I libri della sesta giornata / Palermo

pcp_possibilePierCarlo Palermo, I limiti del possibile. Governo del territorio e qualità dello sviluppo, Donzelli, Roma 2009

Il testo fornisce una sintesi evoluta di alcune delle principali tesi dell’autore, che si colloca in una posizione critica e riflessiva rispetto a un ampio spettro di posizioni disciplinari, letteratura e casi concreti.
Egli ricostruisce in una forma volutamente sintetica e asciutta (talvolta deliberatamente tranchant), una panoramica della pianificazione dagli anni ’60 ad oggi, sintetizzando e richiamando alcuni dei principali contributi teorici già espressi in testi precedenti. Rispetto ai quali qui aggiunge riflessioni e commenti a sostegno della necessità di fare i conti con i limiti del possibile, entro una cornice di necessaria etica della responsabilità, indispensabile per governare efficacemente i processi di trasformazione.

In particolare, in questo ultimo volume, egli:
–    sintetizza alcune delle principali tesi di Interpretazioni dell’analisi urbanistica (in particolare, nel richiamo alle figure di Astengo e De Carlo all’interno dell’evoluzione disciplinare italiana passando poi per Secchi e Gregotti);
–    aggiorna con valutazioni più mature le esperienze osservate in Prove di innovazione e nella corrispondente versione breve in inglese Innovation in Planning. Italian Experiences (riprendendo la rassegna di strumenti lì presentata dopo un tempo più ampio di riflessione e verifica dei risultati conseguiti e assumendo posizioni più critiche rispetto al tema dell’integrazione);
–    seleziona riferimenti e ‘pubbliche’ riflessioni su casi concreti da Trasformazioni e governo del territorio (si vedano i richiami a Milano, alla Lombardia, a Napoli e Roma).

L’operazione è tutt’altro che neutra: l’autore conferma e rafforza la scelta di alcuni riferimenti stabili come Astengo, De Carlo, Hirschman ai quali aggiunge esplicite dichiarazioni di stima per Donolo, Magnaghi, Lanzara e pochi altri; indicando, allo stesso tempo, alcune linee di ricerca che non si sono rivelate, a suo dire, di particolare utilità per la disciplina (segnatamente la planning theory e la pianificazione collaborativa à la Healey).
Le riflessioni svolte nel libro seguono la traccia di un laboratorio di ricerca fra campi diversi di idee ed esperienze. I temi del governo delle trasformazioni sono discussi da diverse prospettive disciplinari, con il tentativo di far dialogare architetti, urbanisti, policy scientists e altri profili con l’auspicio che ciascuno provi a vedersi con gli occhi degli altri.

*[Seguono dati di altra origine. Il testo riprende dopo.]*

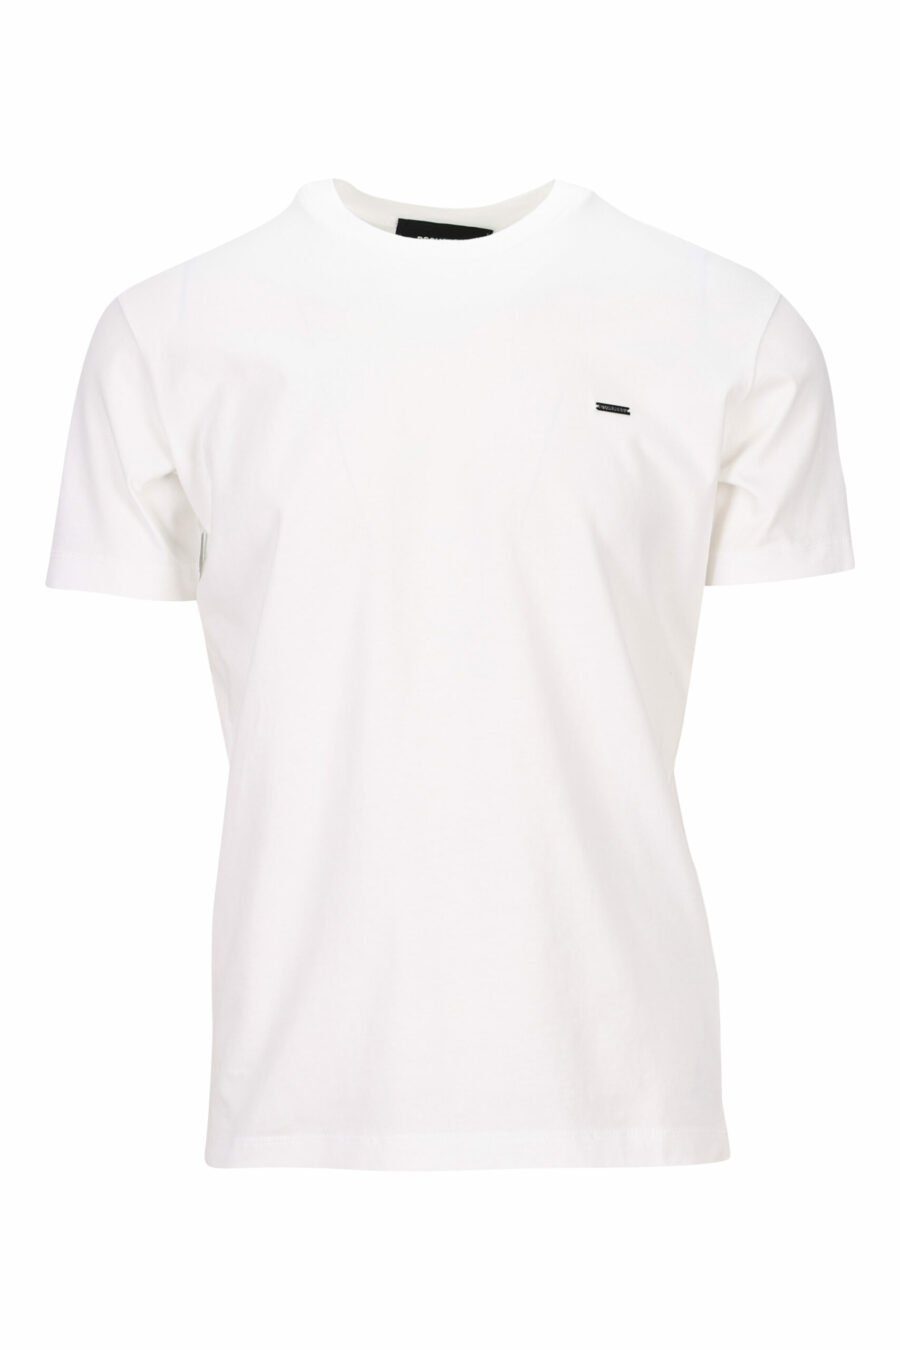 Weißes T-Shirt mit Logo auf kleinem Teller - 8054148404369 skaliert

Il volume parte dalla considerazione che sia necessario condurre un bilancio rigoroso della lunga stagione di sperimentazioni e innovazioni nel campo della pianificazione, provando a individuare indirizzi di metodo, di ricerca e di orientamento all’azione pubblica che ci facciano uscire da una sterile condizione di sperimentalismo permanente.
L’operazione si svolge attraverso quattro passaggi argomentativi. In primo luogo introduce l’argomento del libro e delinea sette grandi temi di innovazione possibile (cap.1); un successivo passaggio consiste nella discussione dei paradossi non sempre espliciti che accompagnano i paradigmi dominanti (cap. 2). Viene poi sviluppata una riflessione sul nesso fra i temi del governo e dello sviluppo del territorio (capp. 3 e 4). Segue poi una discussione più specifica sugli strumenti: le forme attuali di pianificazione (cap. 5), le principali chiavi di lettura delle trasformazioni per progetto (cap. 6), e la varietà emergente di policy tools (cap. 7).
Le conclusioni si concentrano prevalentemente sulle modalità di probing del lavoro della politica e degli esperti in questo campo (cap.8);  sulle implicazioni etiche del complesso di politiche e pratiche (cap.9);  sulla questione delle possibilità di un cambiamento innovativo per il governo delle trasformazioni del territorio in Italia (cap.10).
Le finalità esplicite del libro sono rivolte all’innovazione e all’efficacia dell’azione disciplinare, a partire dalla valorizzazione di un percorso personale di attenta critica alle teorie e alle sperimentazioni pratiche in corso. La tesi sostenuta è che le sperimentazioni recenti hanno compiuto molti errori (che talvolta dipendono da generose intenzioni), ma lasciato anche molte tracce che possono guidare verso un cambiamento innovativo.
Nella Babele o nel conformismo dei valori e dei paradigmi – sostiene l’autore – è necessario riconoscere una robusta via riformista come cultura del possibile, capace d’essere solidale e responsabile, critica e progettuale allo scopo di guidare le trasformazioni connesse al governo del territorio.